My only major quibble is the price, which seems a bit steep at EU100 (~US$130), or EU50 for educational use. I’ll probably end up buying it anyhow, but I would like to see that price come down. Still, if you spend all day working medium- to large-sized writing projects, it might be worth the dough to you. Either way, have a look at the demo. It’s a pretty swell little app.

willie's picture

I purchased Ulysses. This program...

I purchased Ulysses. This program really helps you focus on writing. It's easy to be organized and having everything you need at your disposal is very useful. It is simple and bloat free.

Ulysses has three flaws.

1/ There is no way to maintain footnotes, endnotes or any type of bibliography.
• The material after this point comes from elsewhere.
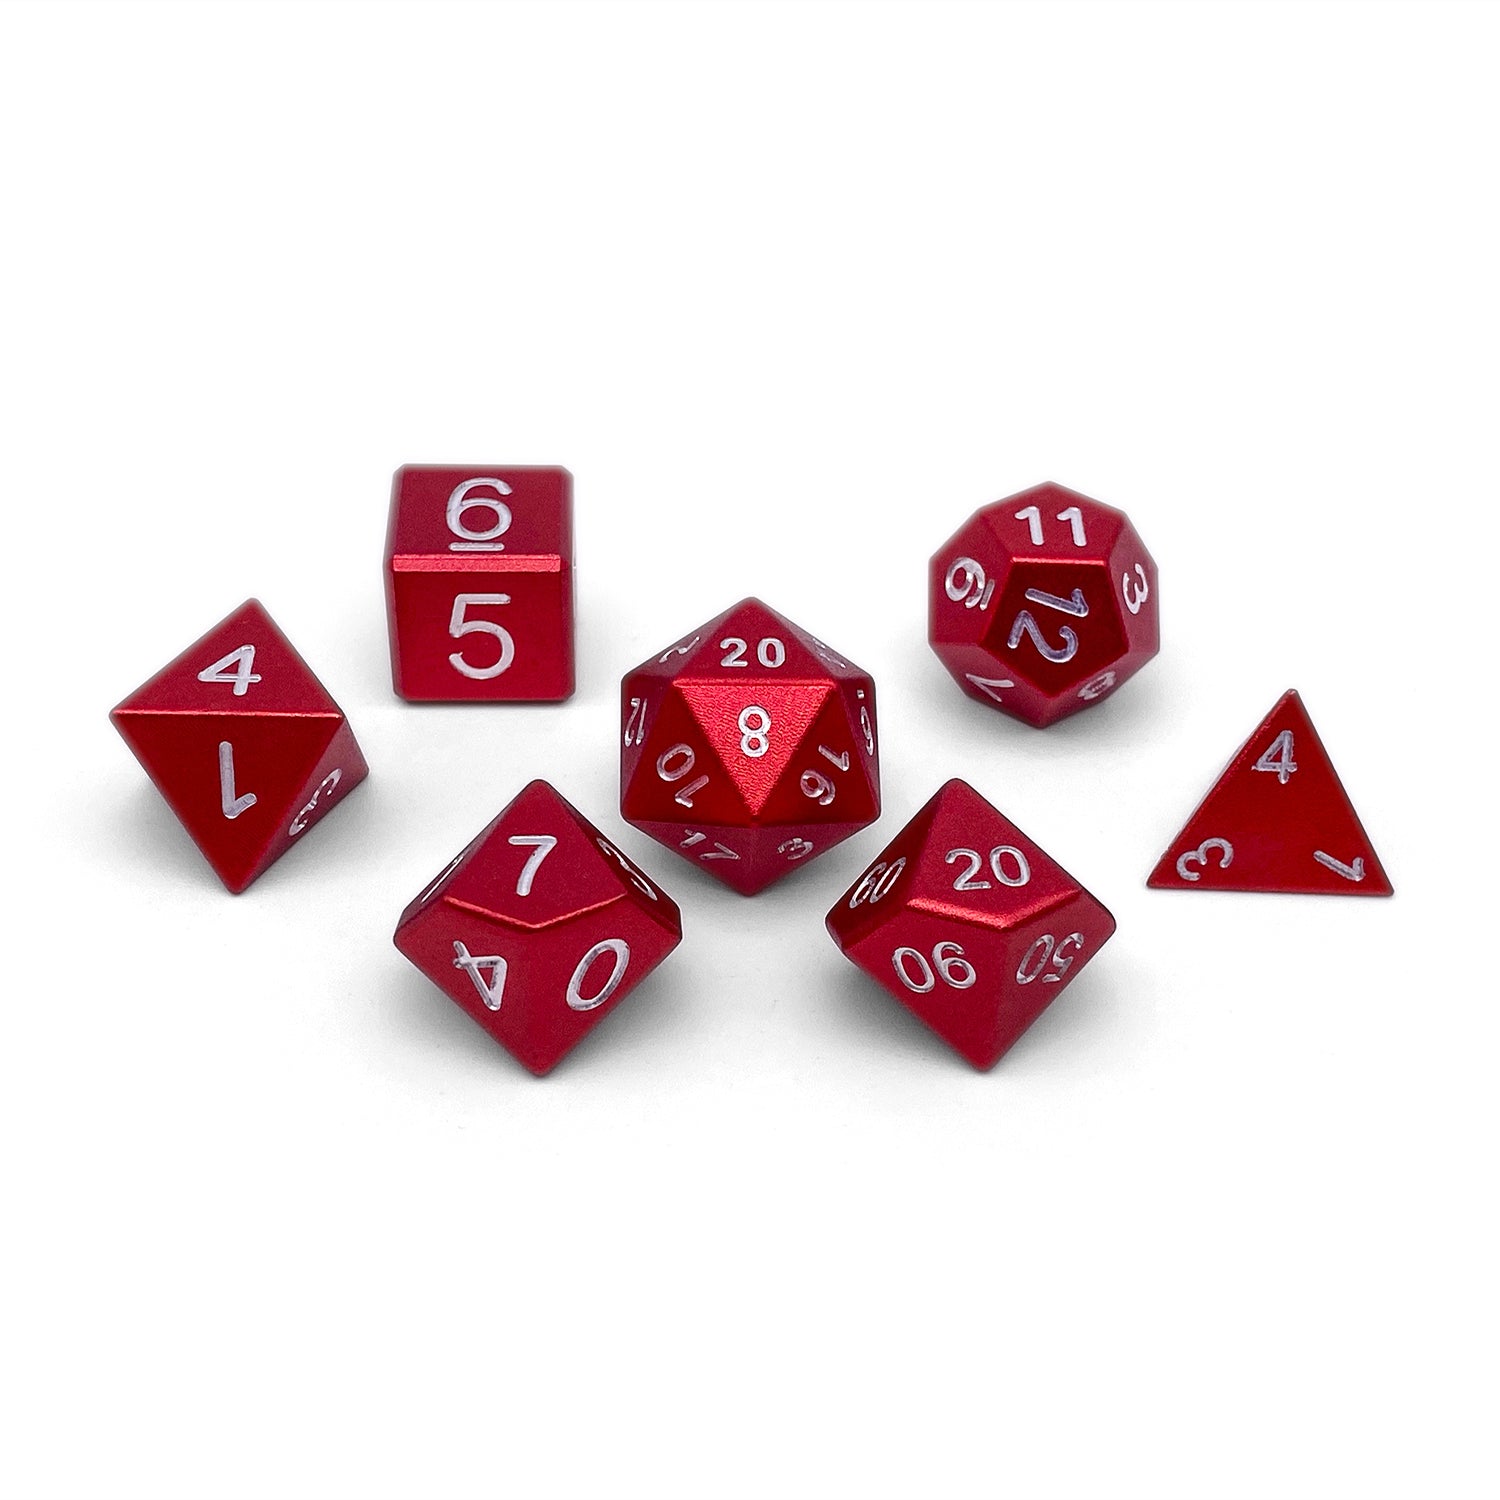 Devils Red - 7 Piece RPG Set 6063 Aluminum Dice

All footnote/bibliography management is manual. This is a real handicap if you write non-fiction documents. The developers say Ulysses is for creative writing, and they mean it. There has to be a way to incorporate simple citation management/tracking in the spirit of Ulysses' bloat-free, keep-it-simple approach. Do the developers expect us to use note-cards as if it were 1970?
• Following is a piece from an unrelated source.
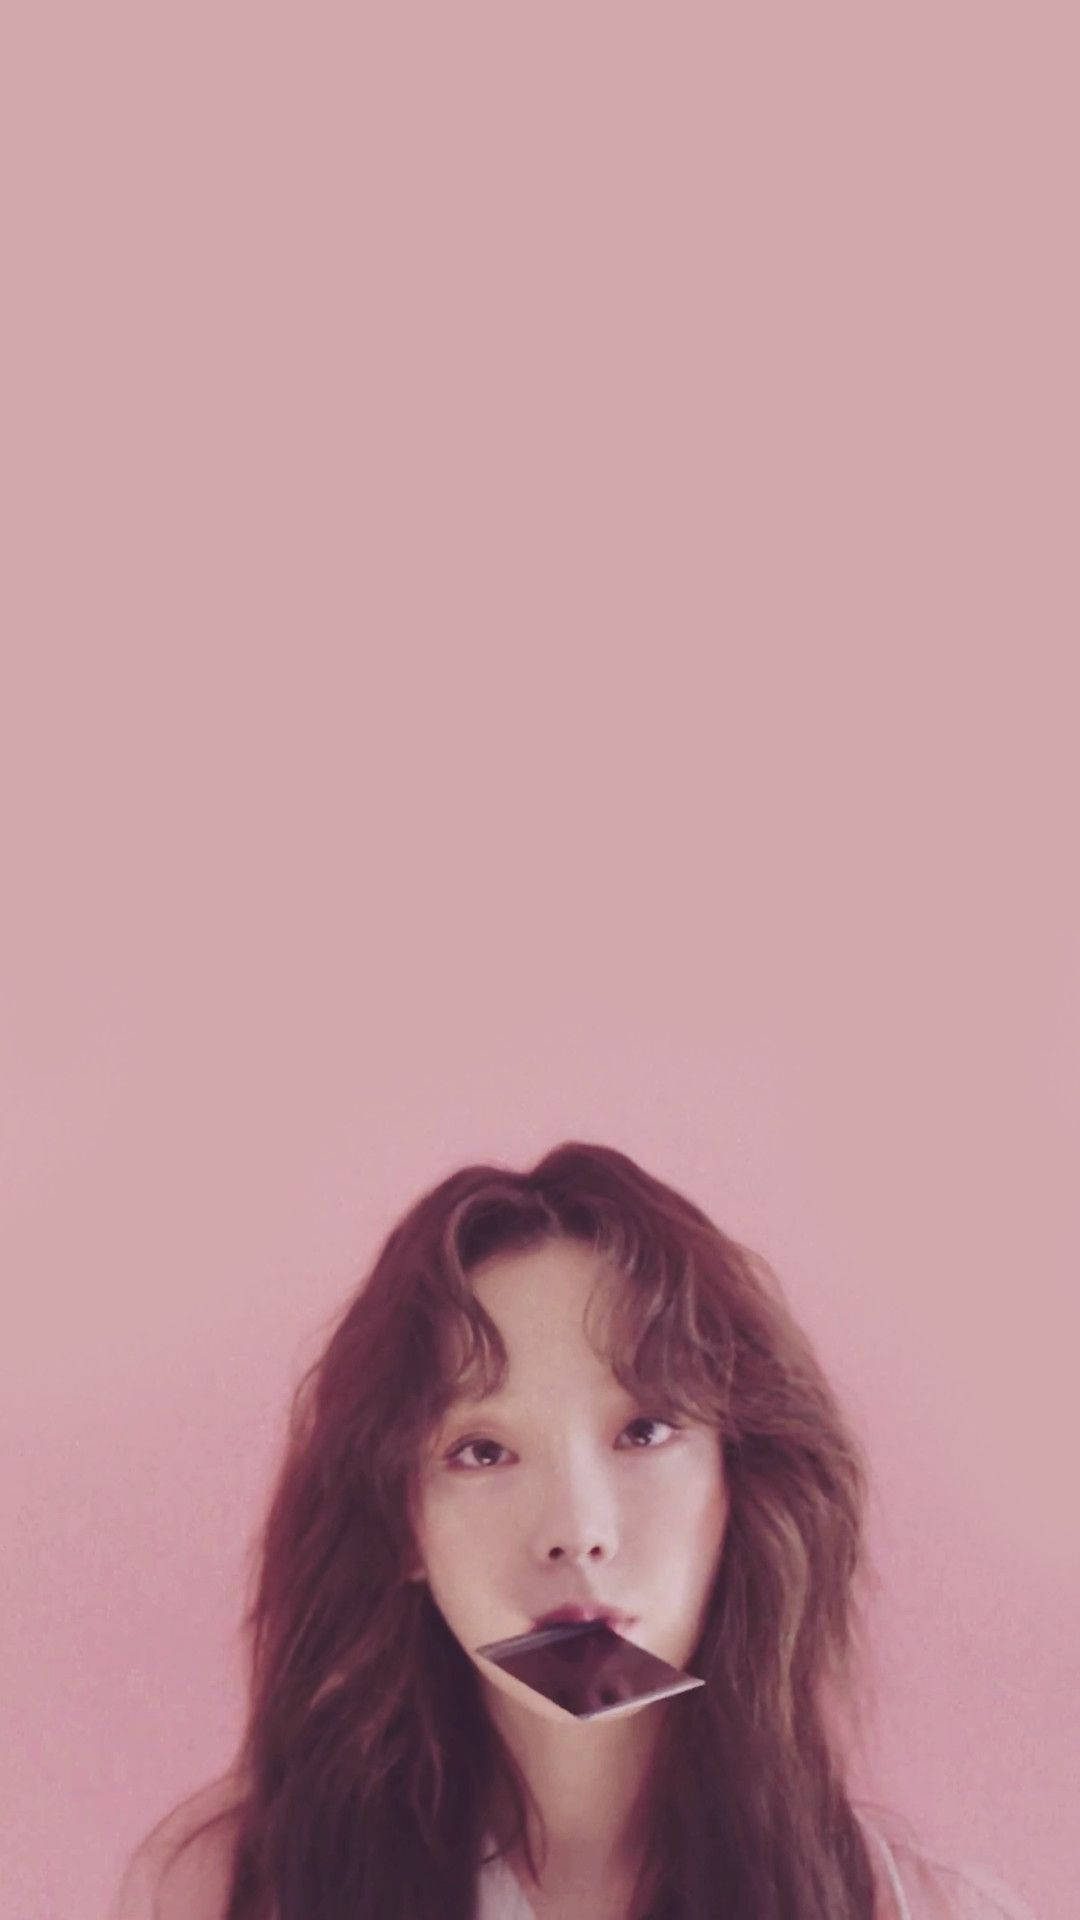 Taeyeonmordiendo Una Polaroid. Fondo de pantalla

2/ There is minimal control of line spacing and spacing between paragraphs. If the limited optiions in Ulysses do not work for you, than you must add blank lines and remove them when it is time to format your work in another program. It's easy to do, but for the cost it is annoying to go through this all the time.

3/ The user guide is barely adequate. While the on-line forum is a big help, the user guide needs more detail. It would help new users if there was a section that discussed different ways to take advantage of Ulysses' strengths. I've been using computers since 1973 and it took me awhile to figure out all the features I needed by trial and error. If someone had only used Word all their life, I'm guessing they might not see how Ulysses should be used.
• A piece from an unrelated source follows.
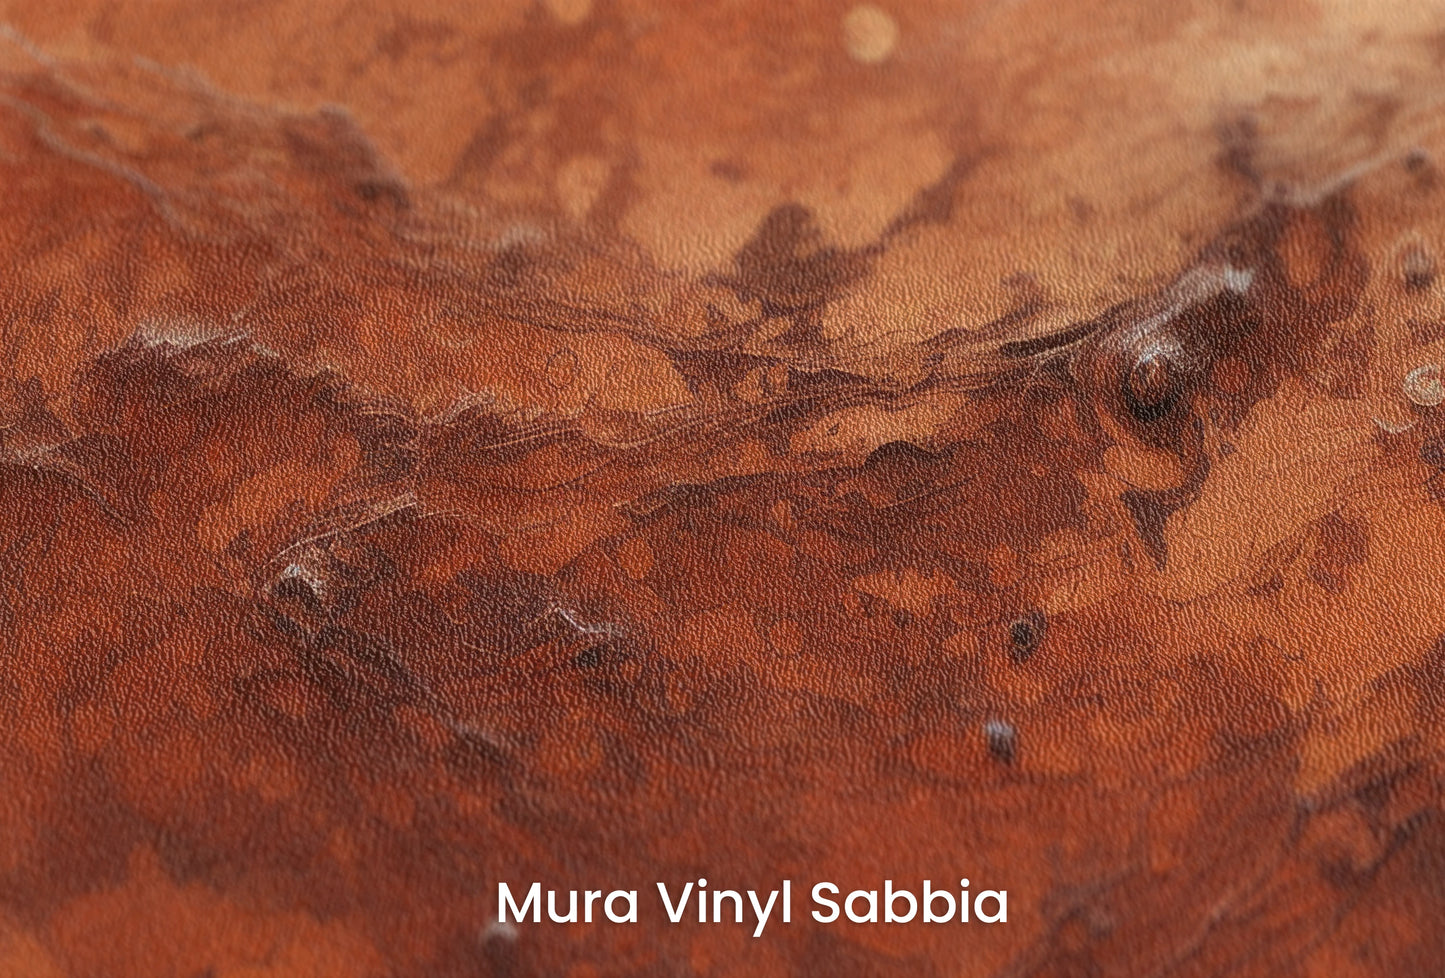 Zbliżenie na artystyczną fototapetę o nazwie Martian Dust na podłożu Mura Vinyl Sabbia struktura grubego ziarna piasku.

I used to write everything in NeoOfficeJ. I jumped between three or four OOo documents (outline, notes, document/version/history, etc.) at once. Ulysses eliminates this. Still, I spent a great deal of time working out procedures for using NeoOfficeJ (OOo) together with Ulysses for academic manuscript production.

Eventually, Ulysses improved my efficiency as a writer. It's too bad they will not expand this program to meet the needs of non-fiction document production.